Lessons learned from private clinics

Here’s what really happens when governments cut corners by outsourcing surgeries to private clinics.

The Conservative Party of BC have made a scary election pitch to fix wait lists for surgeries and diagnostic services by expanding “publicly funded partnerships in non-governmental facilities”. In other words, BC Conservative leader John Rustad wants to increase the use of private clinics, claiming this model will help put “patients first”. 

But a large body of international evidence and failed Canadian experiments clearly shows that private clinics erode the public health care system we all rely on. In fact, outsourcing publicly funded surgeries has proven to put profits, not patients, first



Instead of improving public services, here are seven predictable outcomes tied to contracting out: 

  1. Private clinics make staffing shortages worse and destabilize public hospitals. 
    Because private clinics draw from the same limited pool of health care workers, shifting resources to the private sector necessarily drains hospitals and the public sector of needed staff.

  2. For-profit delivery risks patient safety and care quality.
    Both Canadian and international experience shows that private for-profit facilities often cut corners to reduce costs, including hiring fewer and less skilled personnel. In some cases, this is associated with higher morbidity rates in the private sector.

  3. Private sector surgeries are more expensive to the public.
    For example, in 2016, BC’s plan to pay for-profit clinics for MRIs was nearly twice as expensive as the same service within the Vancouver Island Health Authority. In addition to higher costs for surgeries, taxpayers also pay more for monitoring, regulation, and enforcement that’s needed to maintain consistent, legal standards.

  4. For-profit facility ownership introduces financial conflict of interest in medical decision-making.
    Dual loyalty, to profits and patient care, can lead to upselling, self-referrals, and clinically unnecessary procedures. For-profits also have an incentive to take on easier surgeries, leaving the public system with more complex, expensive cases.
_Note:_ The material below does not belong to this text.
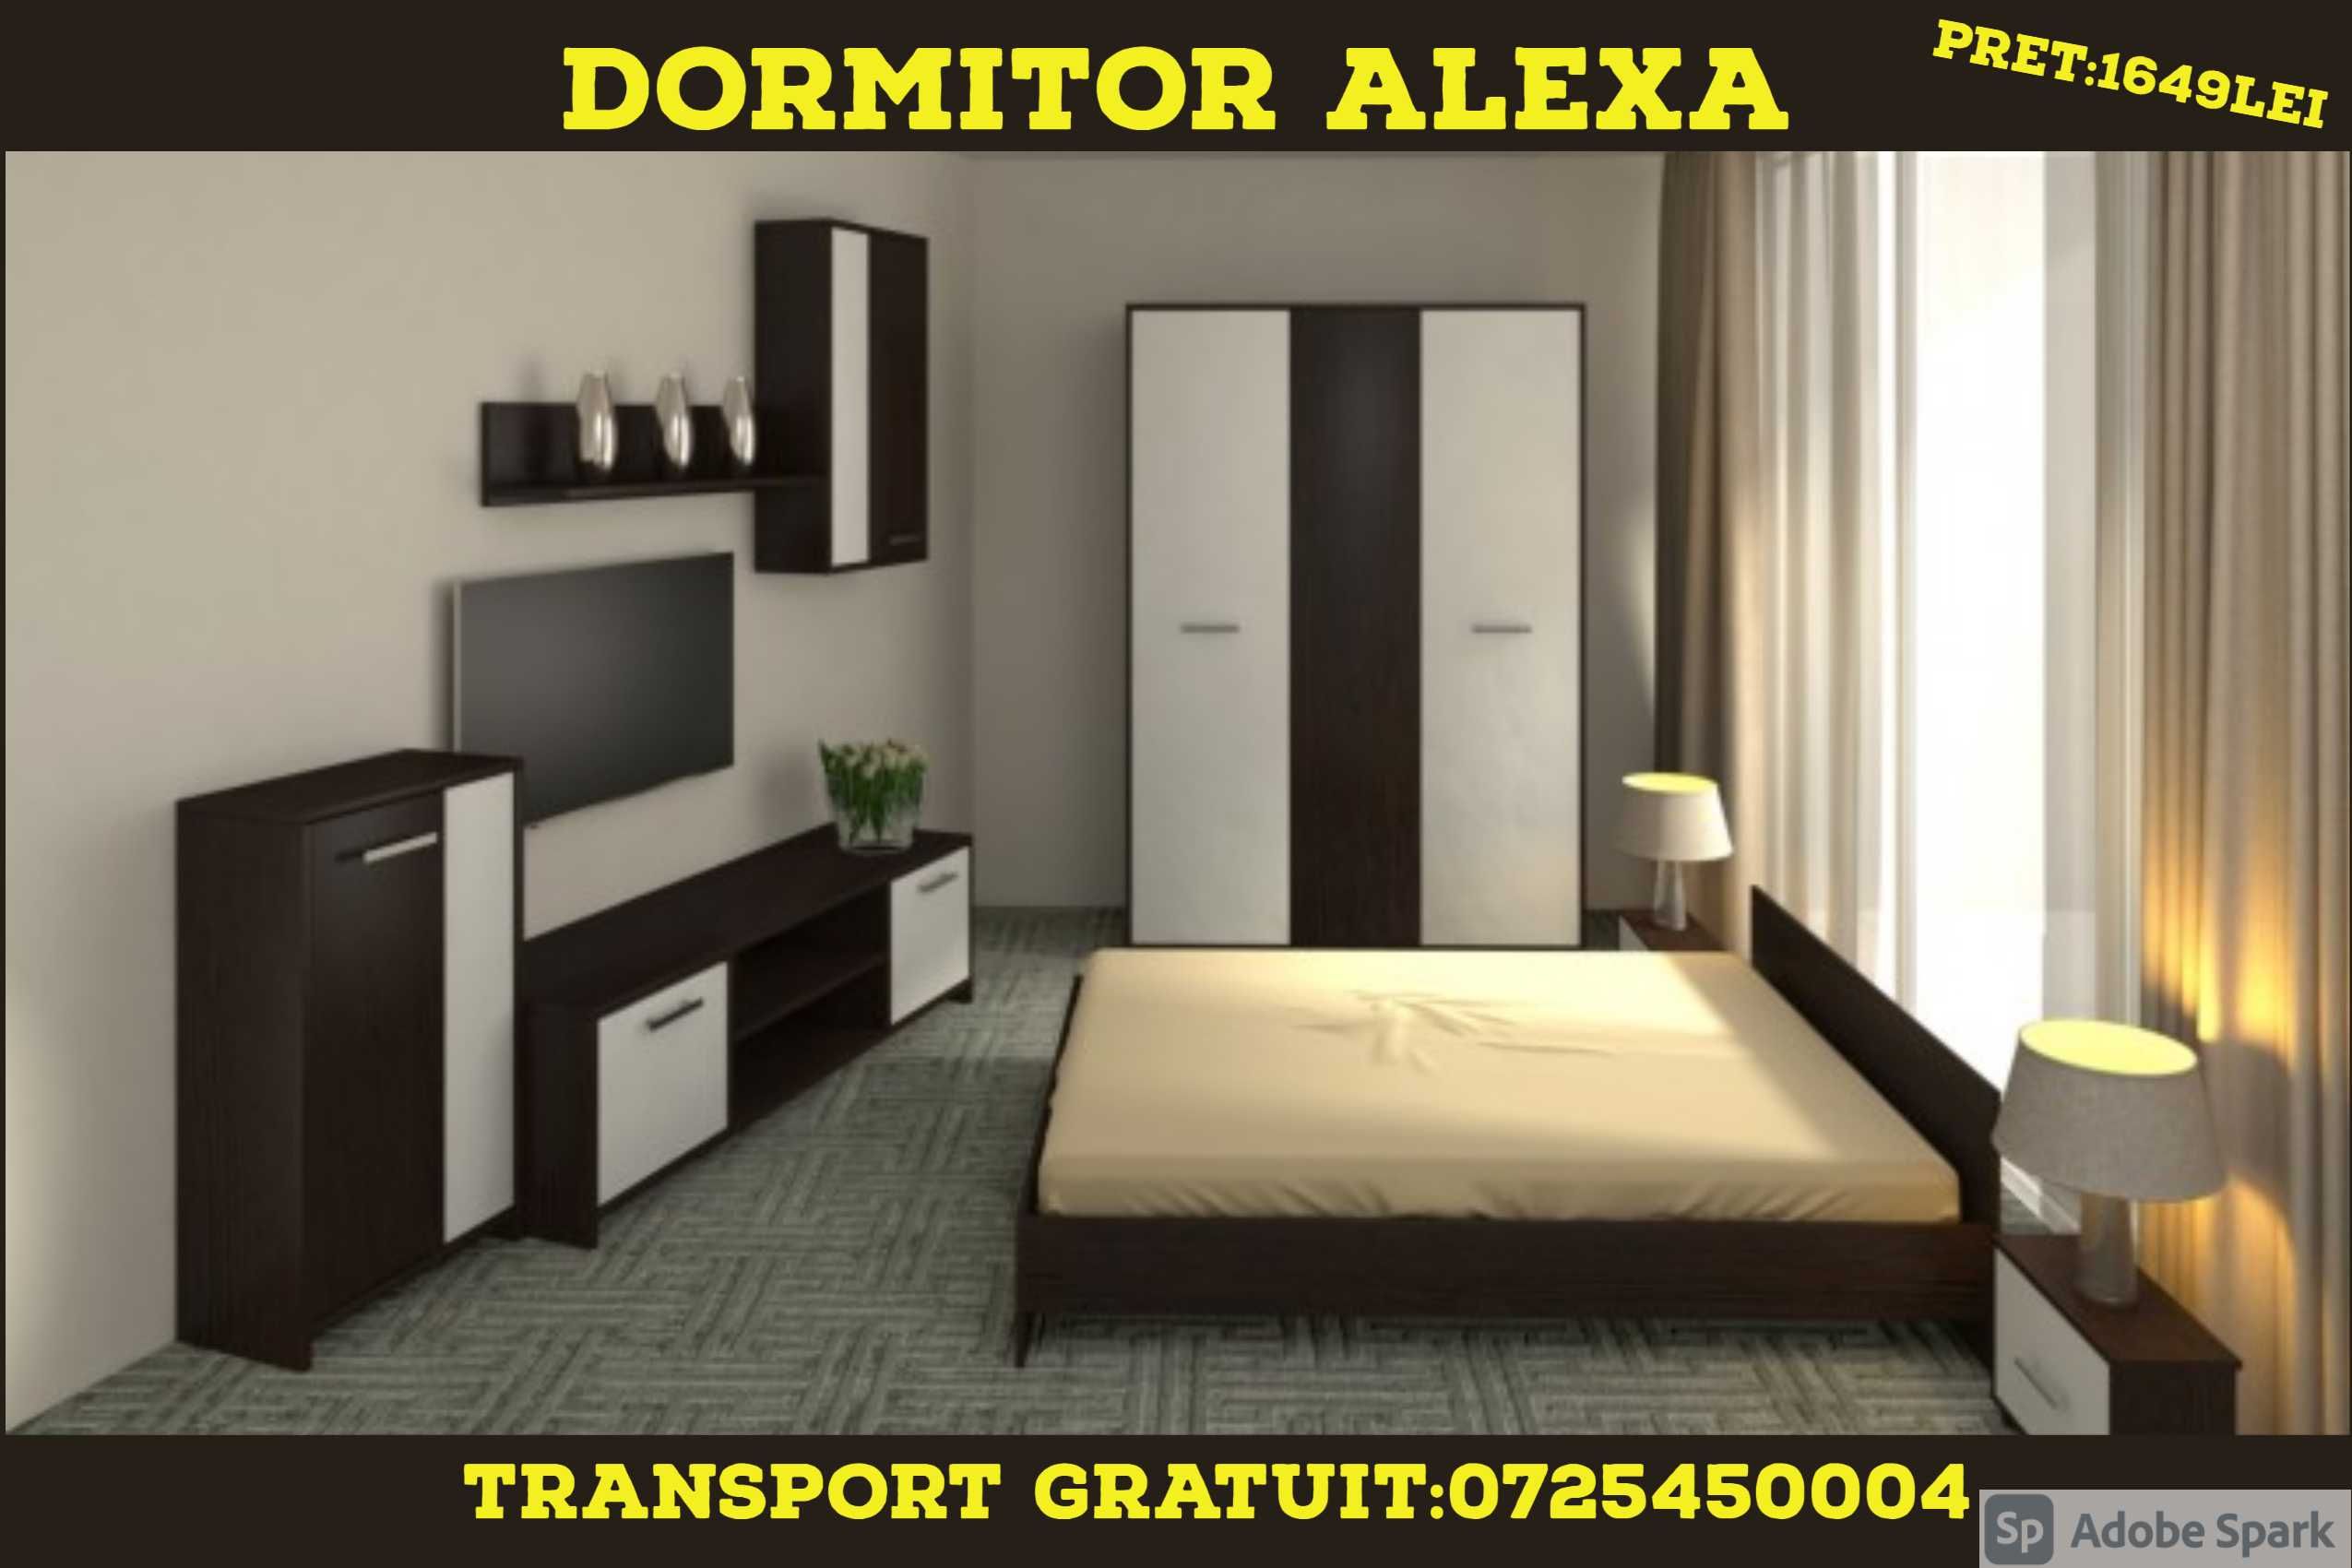 Oferta Dormitor Alexa wenge-transport gratuit RO

  5. Increased for-profit delivery opens the door to legal gray zones and illegal practices.
    Many for-profit companies that receive public funds have fostered two-tier health care through unlawful extra-billing contrary to the BC Medicare Protection Act and the Canada Health Act.

  6. Increased outsourcing increases the power of domestic and US institutional investors over our health care system.
    A single private equity firm, nearly a monopoly, owns the largest national network of independent surgical centres, made up of 53 operating rooms spread across 14 Canadian cities. Once private-for-profit clinics have established contracts with the province, they strategically engrain themselves in the system, make themselves indispensable, and grow bolder in setting the terms of contracts.
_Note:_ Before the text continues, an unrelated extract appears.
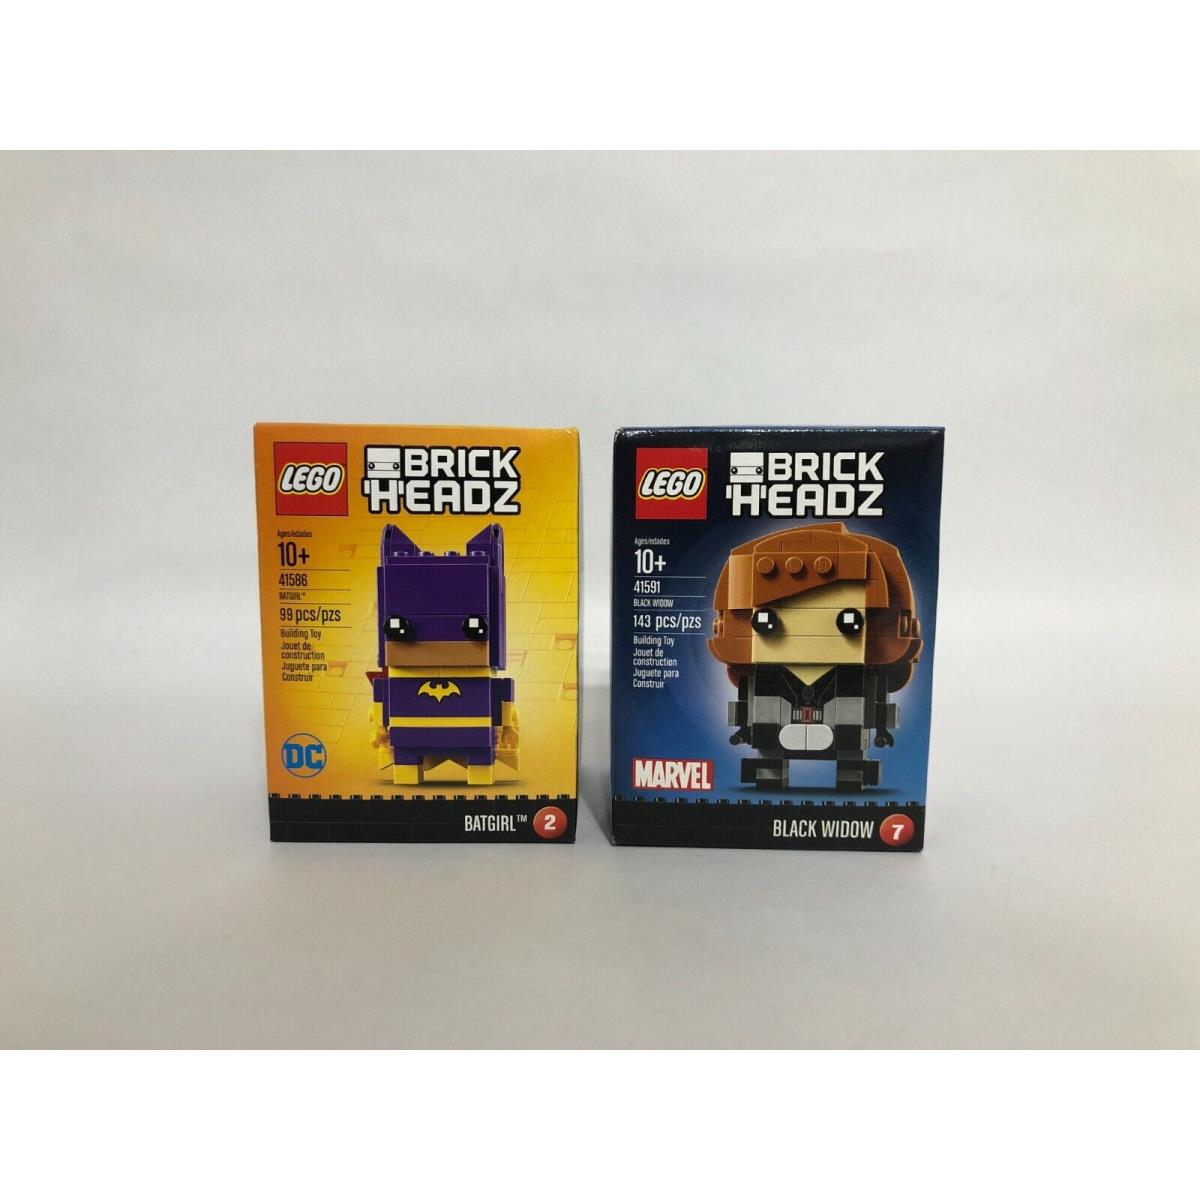 Lego Brickheadz 41586 Batgirl and 41591 Black Widow - - - Retired

  7. Contracting out does not help reduce wait times.
    Provinces that have the most for-profit clinics and hospitals (British Columbia, Quebec, Alberta) generally show poorer wait time performances than provinces with little to no privatization. 

The majority of Canadians want to see our public system improved, not dismantled. Most who support contracting out don’t know just how counterproductive this practice has been for the pursuit of shorter wait times and a stronger health care system. 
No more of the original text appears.